**Instructions for the task:**
Quote, word for word, only the lines running from the line with "Chřibská Mid Century" through the end of the listing. Leave out the pictures.

**Data segment:**
--*--

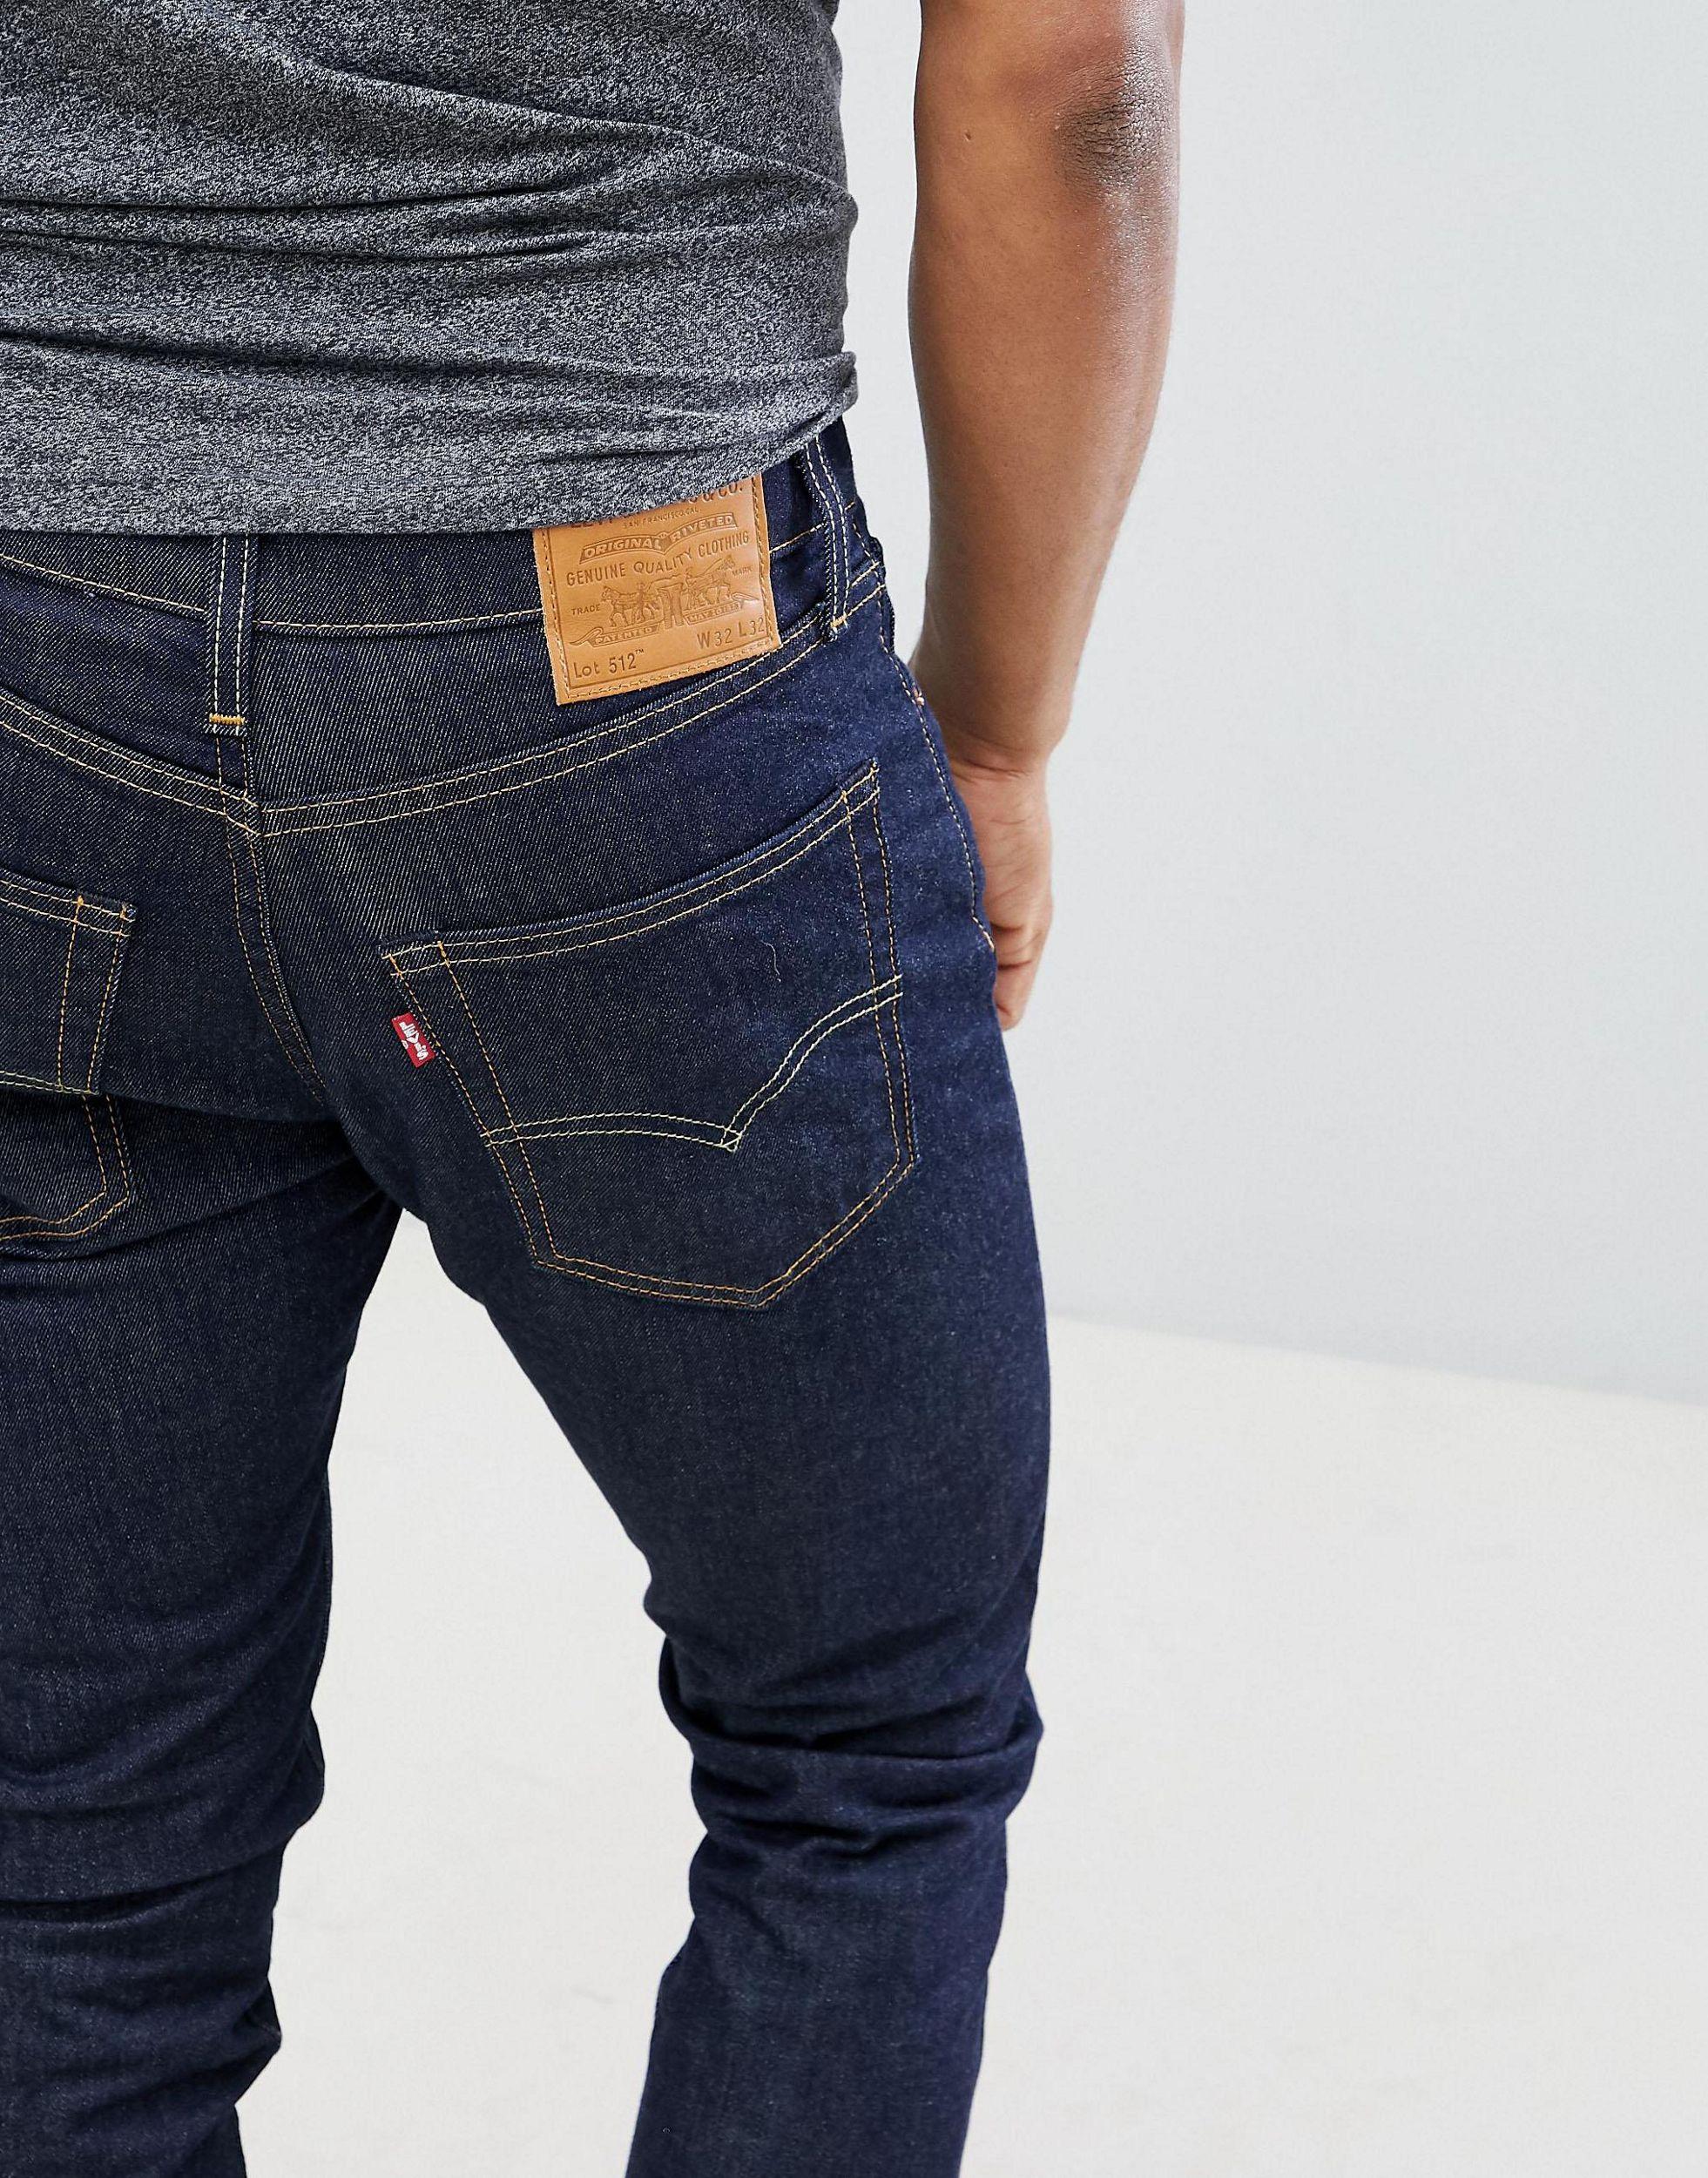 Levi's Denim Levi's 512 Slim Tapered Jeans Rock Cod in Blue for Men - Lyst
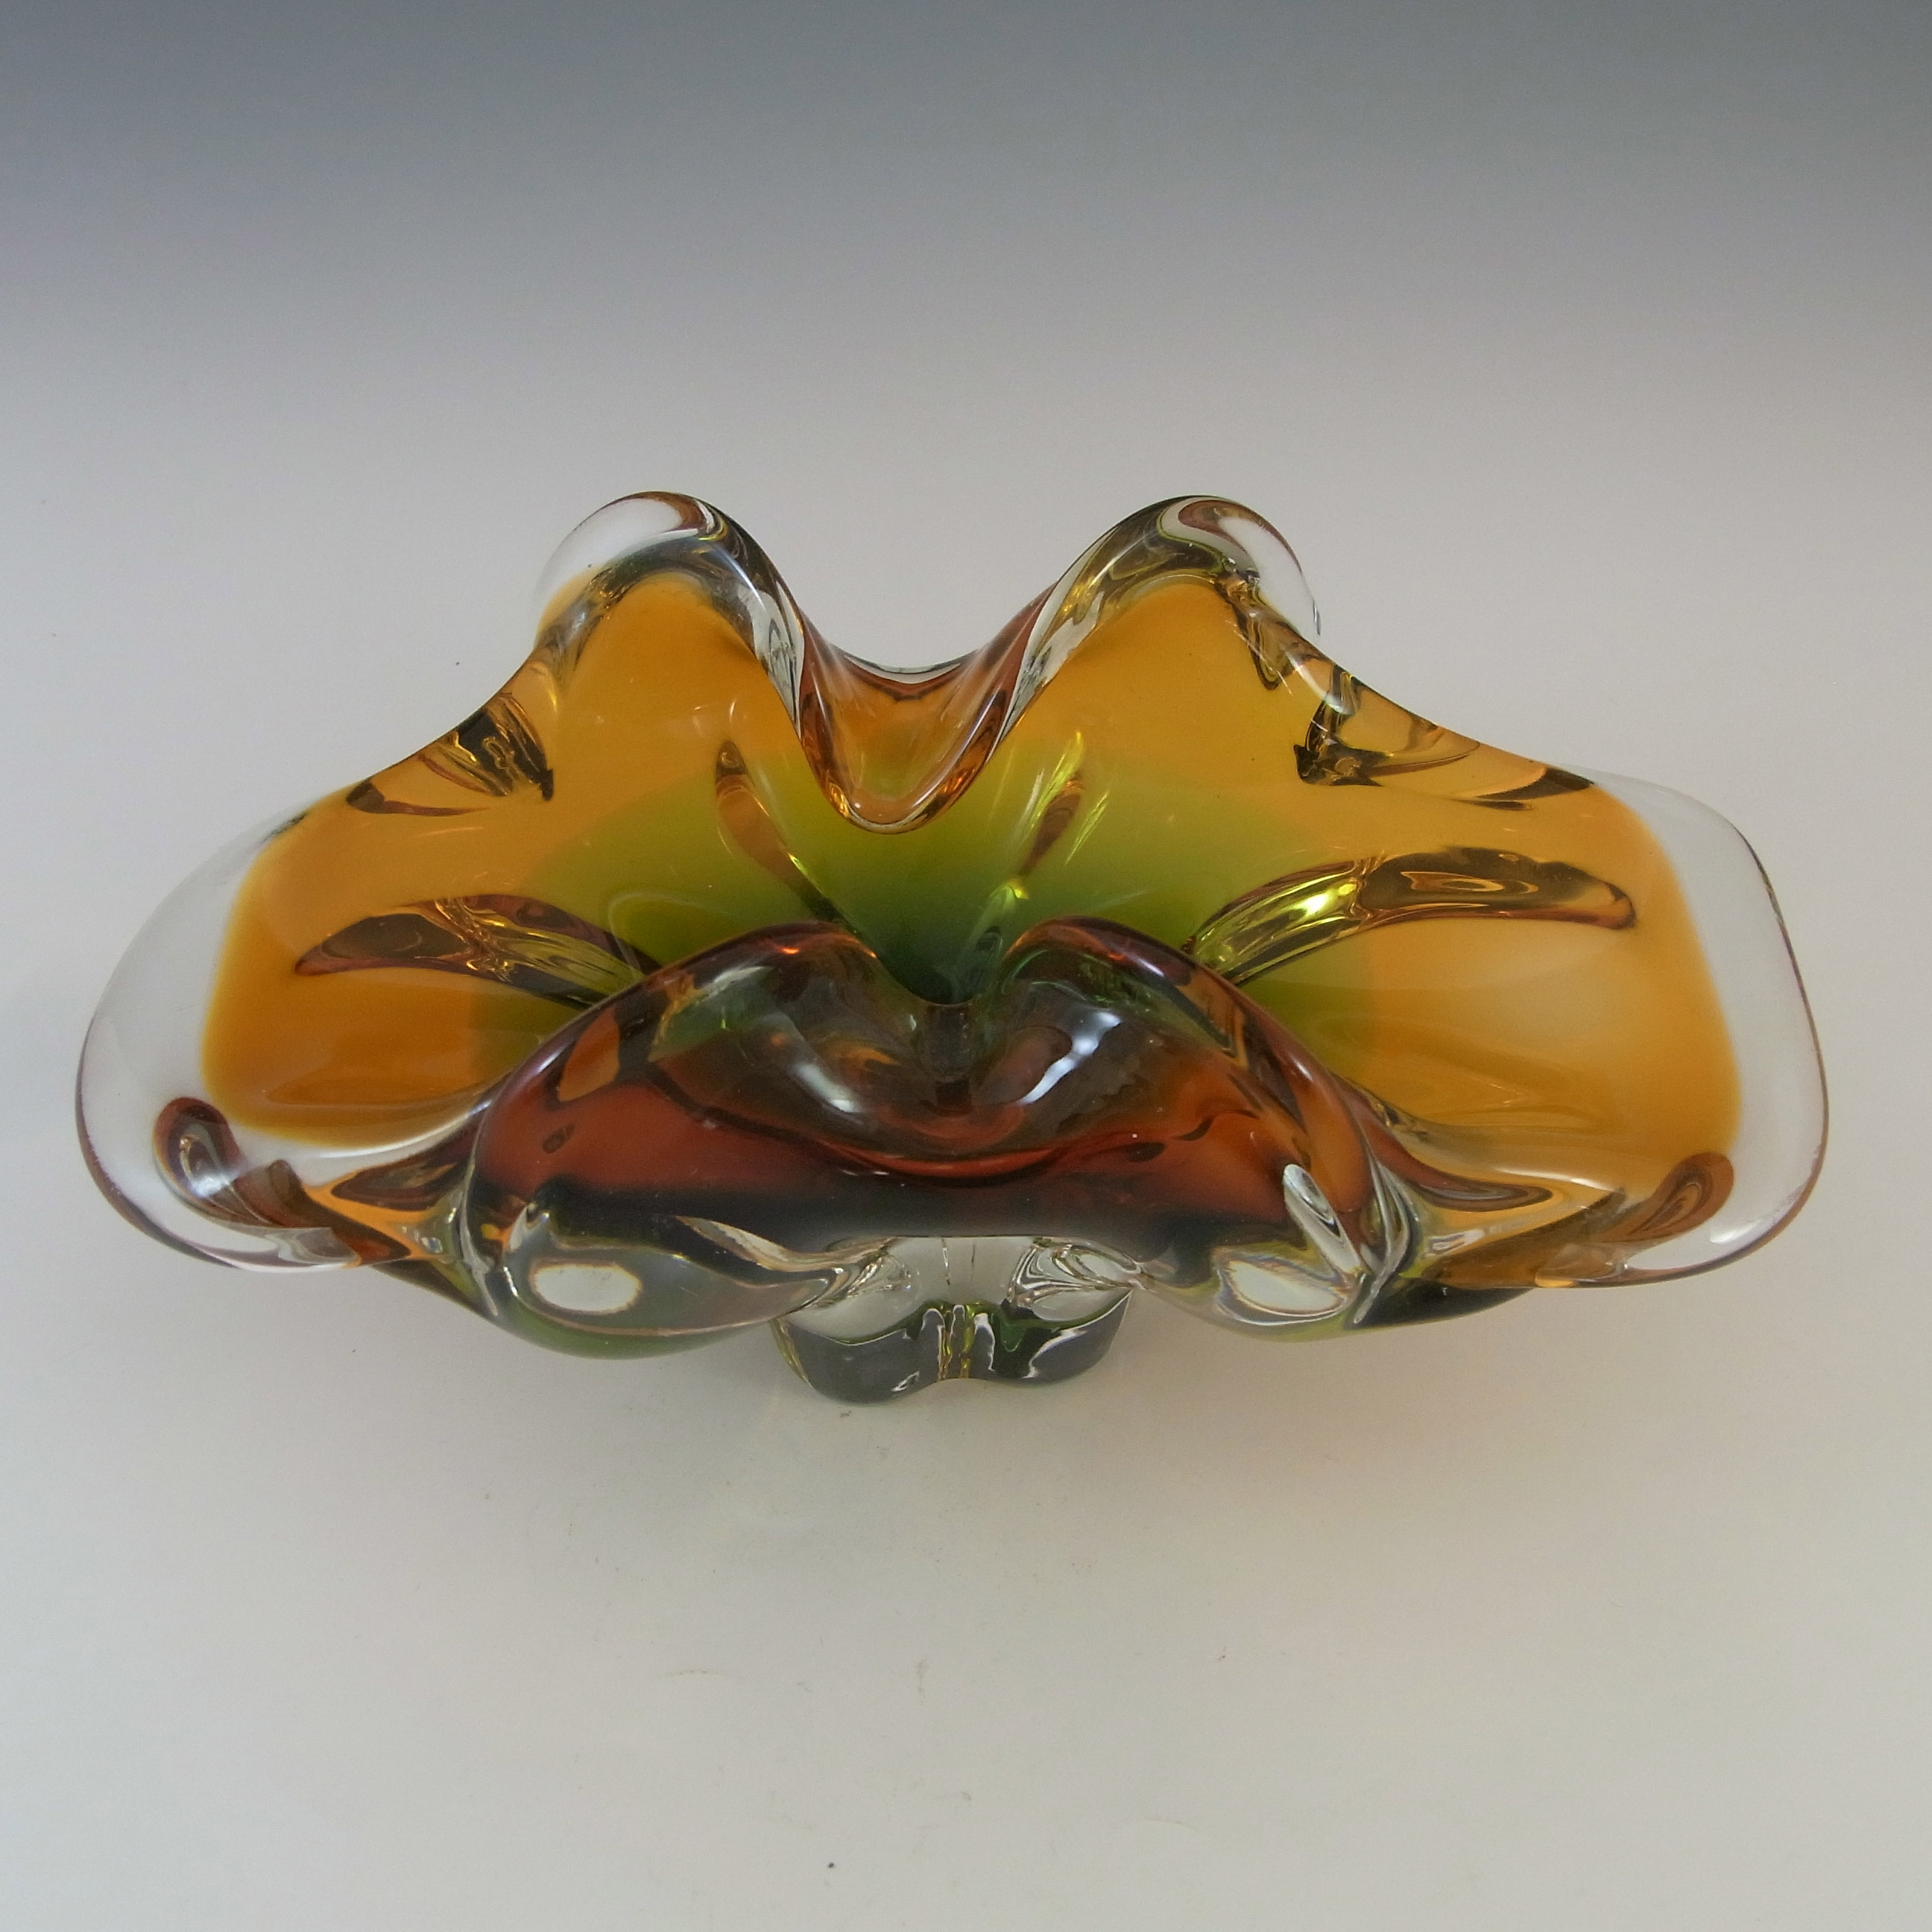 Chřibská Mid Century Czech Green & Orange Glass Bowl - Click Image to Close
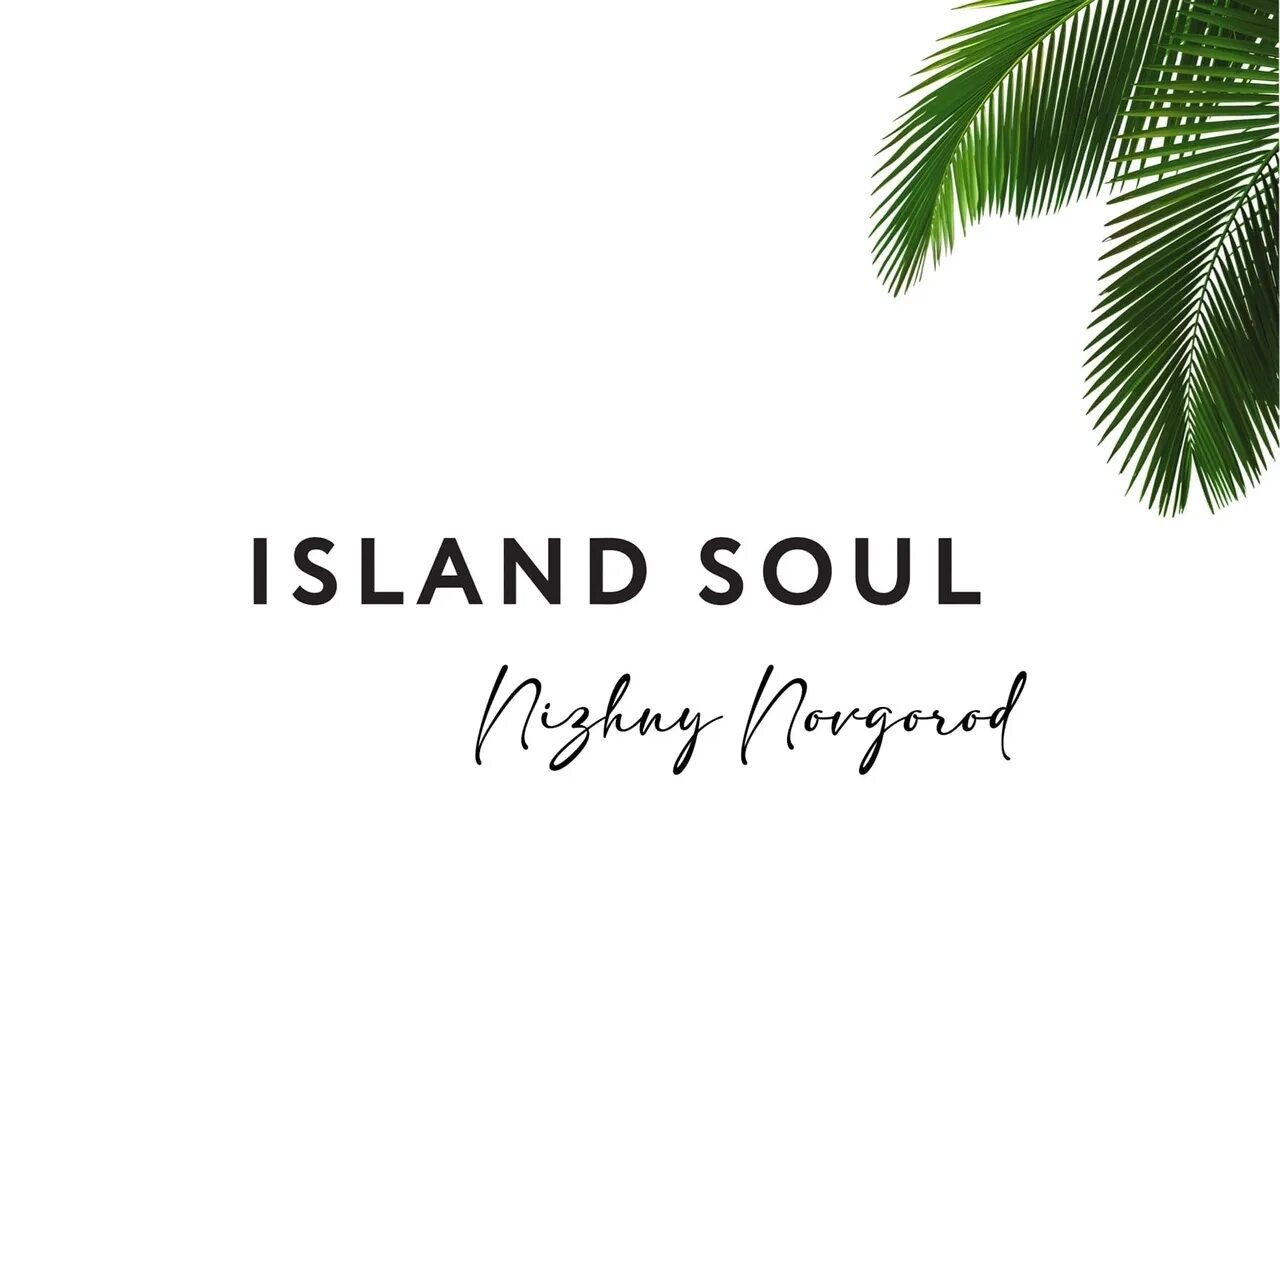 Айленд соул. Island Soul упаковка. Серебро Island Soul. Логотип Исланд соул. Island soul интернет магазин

--*--

**Result of the exercise:**
 Chřibská Mid Century Czech Green & Orange Glass Bowl - Click Image to Close
 Айленд соул. Island Soul упаковка. Серебро Island Soul. Логотип Исланд соул. Island soul интернет магазин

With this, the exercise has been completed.